*** RECORDED INFORMATION

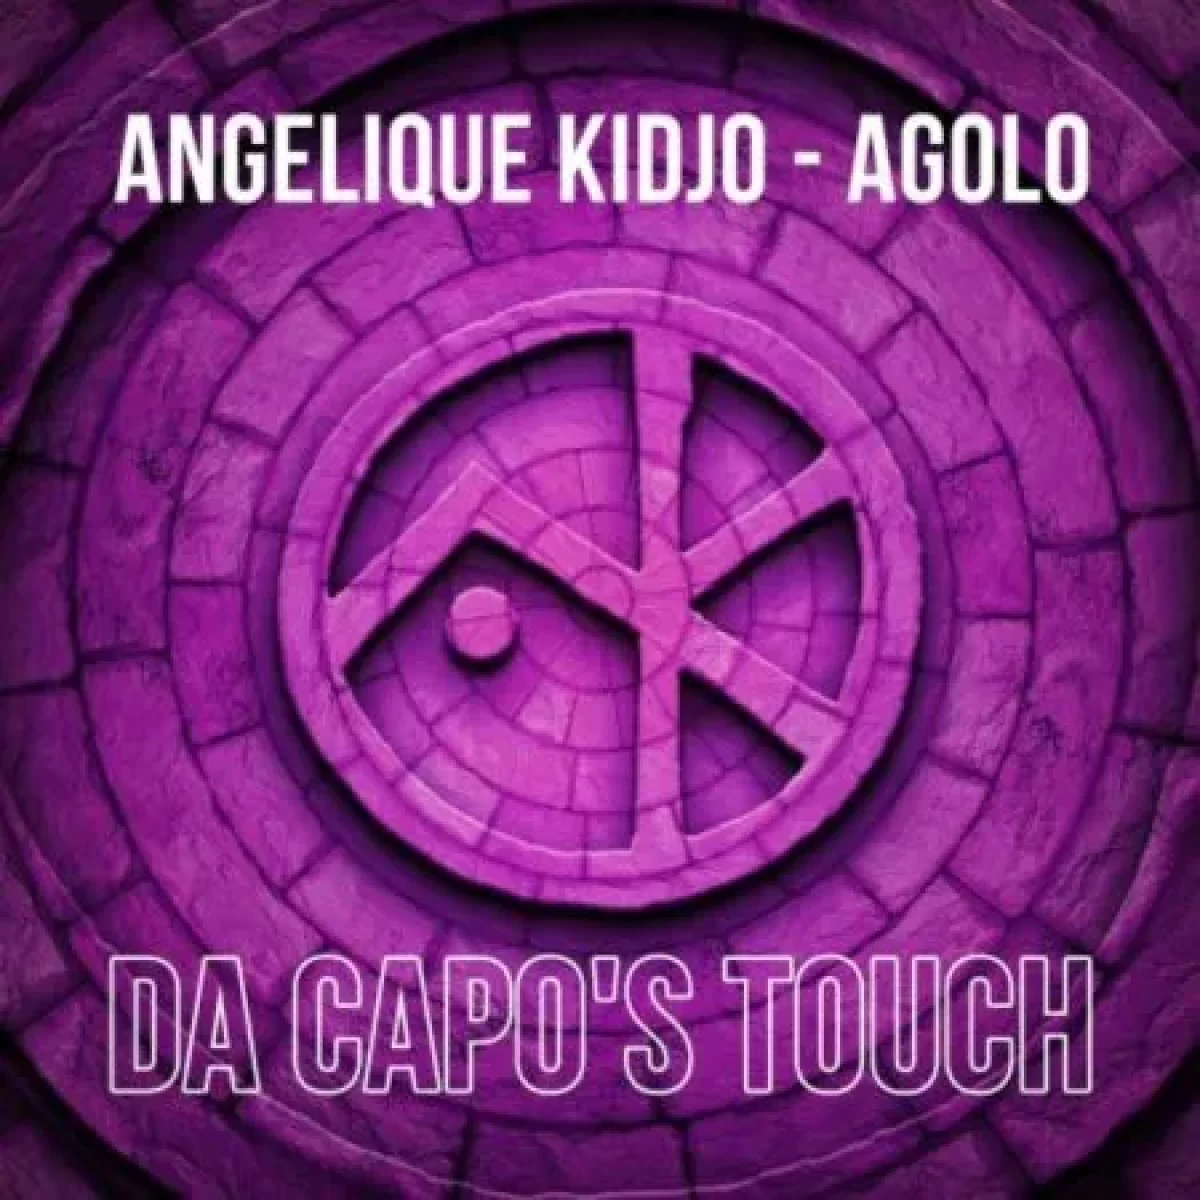 Angelique Kidjo – Agolo (Da Capo’s Touch) 1
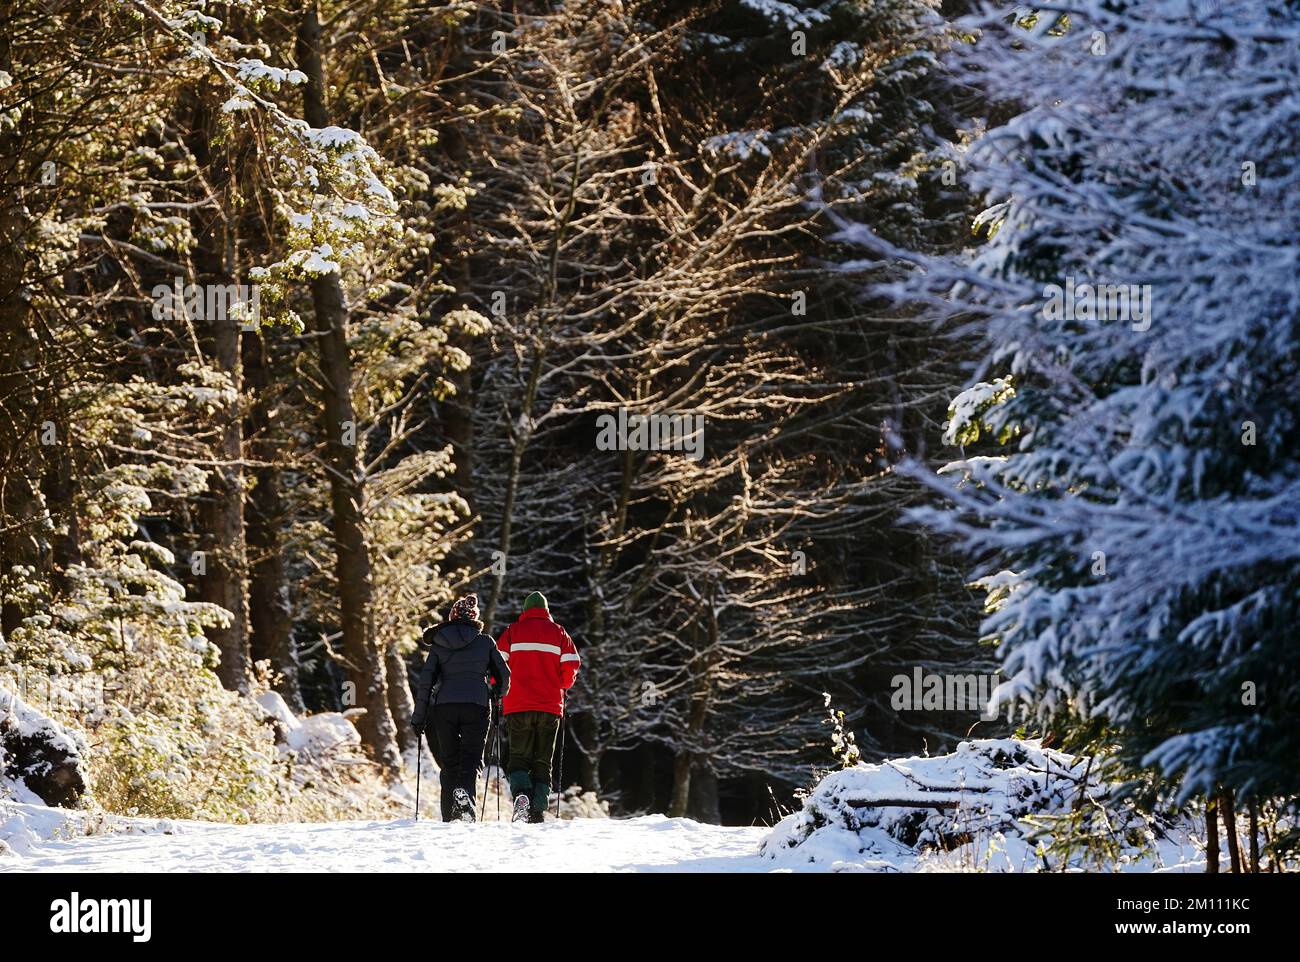 Die Leute laufen auf einem schneebedeckten Pfad im Ticknock-Wald, Dublin. Teile Irlands wurden mit Schnee überdeckt, und die Wetterbeobachter warnten, dass die Frostbedingungen anhalten werden. Foto: Freitag, 9. Dezember 2022. Stockfoto
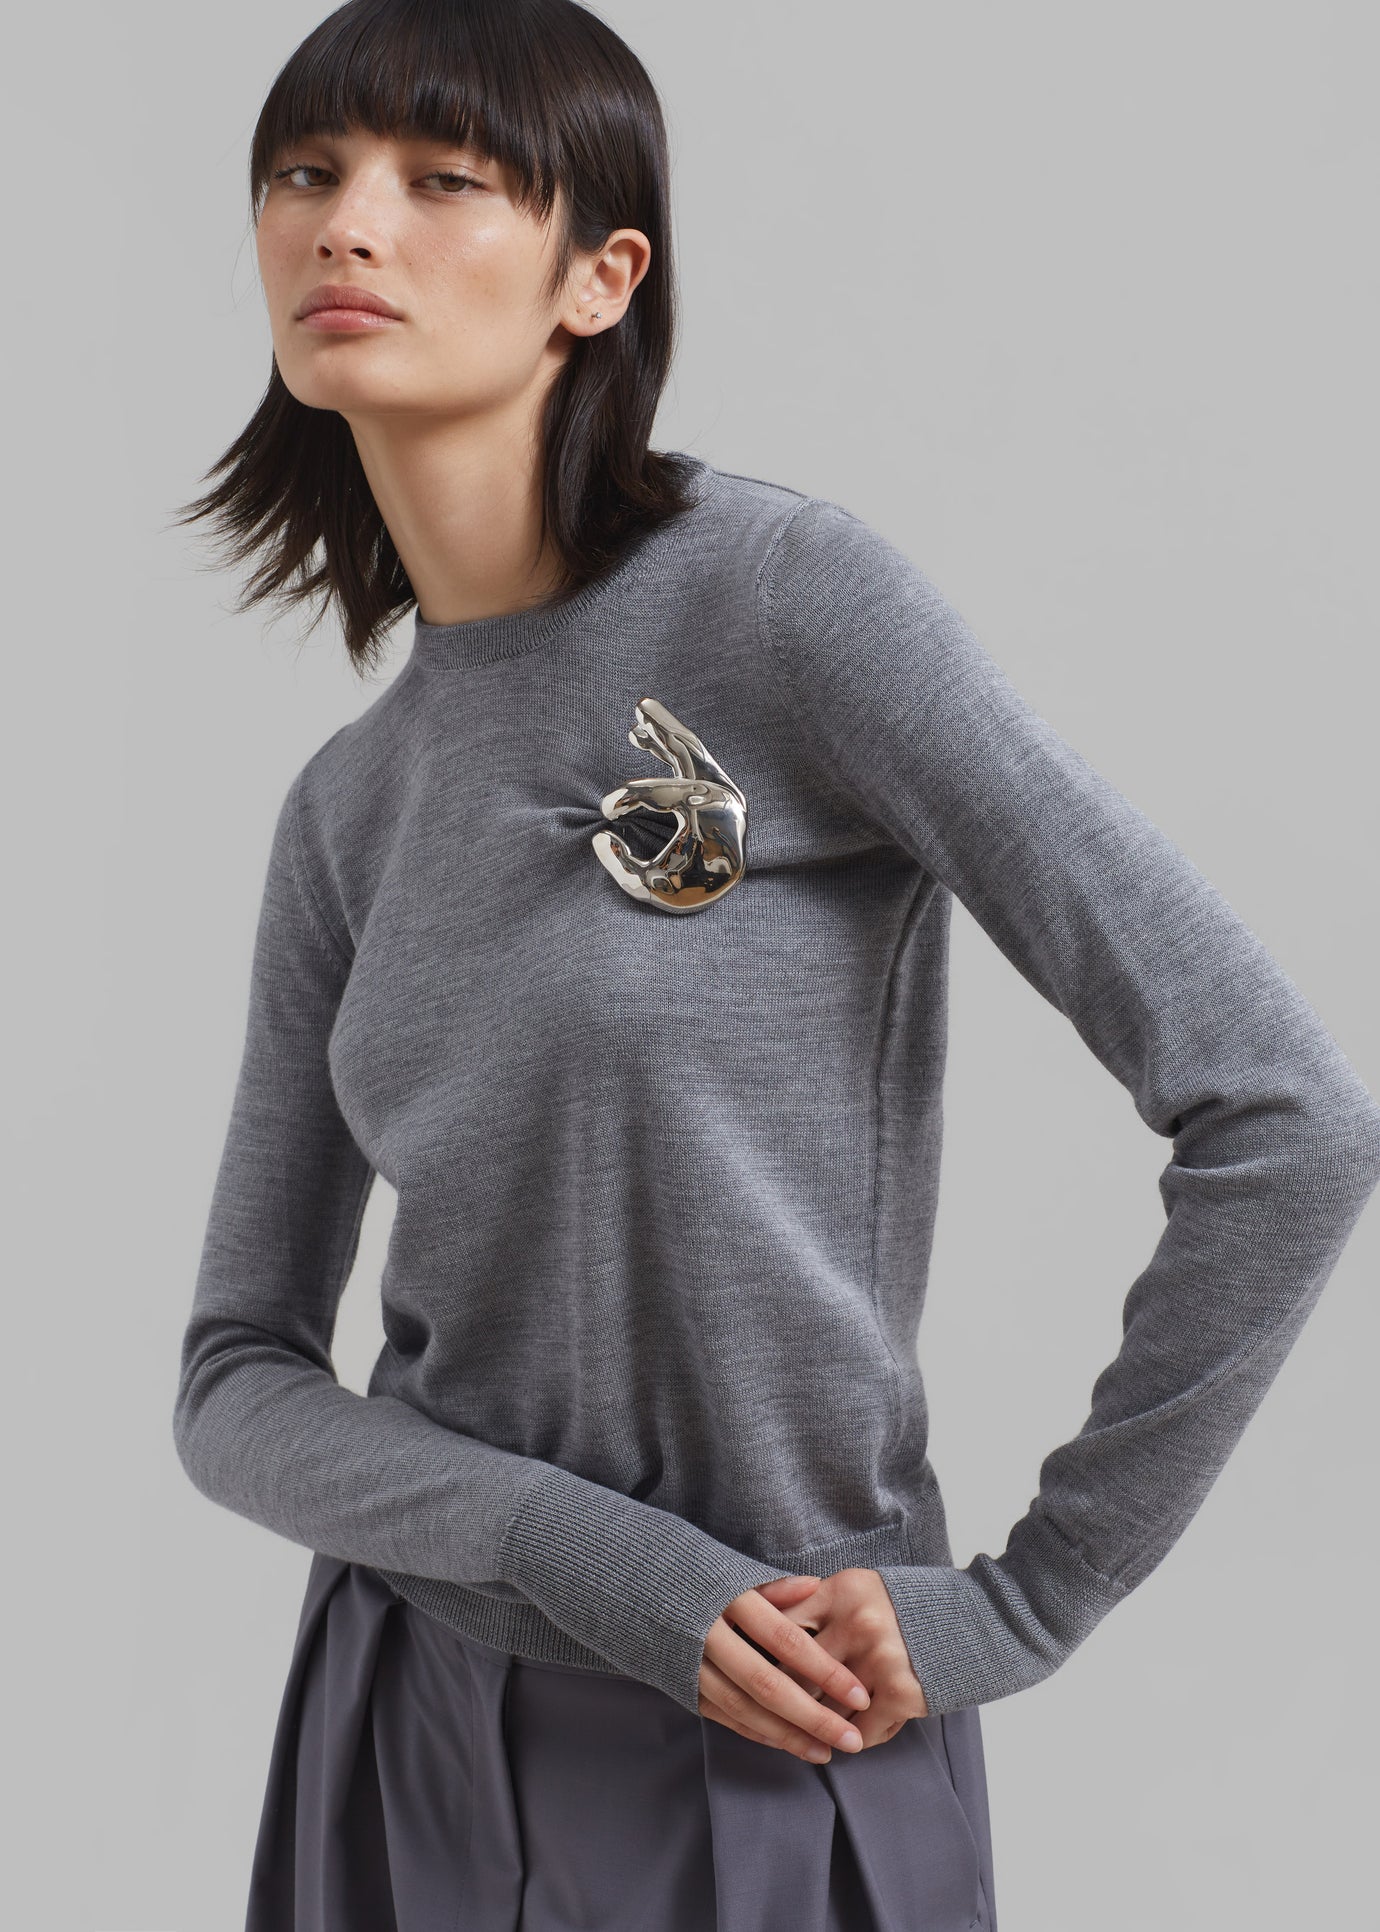 Coperni Emoji Sweater - Grey

******

WHAT TO DO. In your copy of the material, every word must match and no image should appear.

RESULT OF THIS EXERCISE.
 Angelique Kidjo – Agolo (Da Capo’s Touch) 1
 Die Leute laufen auf einem schneebedeckten Pfad im Ticknock-Wald, Dublin. Teile Irlands wurden mit Schnee überdeckt, und die Wetterbeobachter warnten, dass die Frostbedingungen anhalten werden. Foto: Freitag, 9. Dezember 2022. Stockfoto
 Coperni Emoji Sweater - Grey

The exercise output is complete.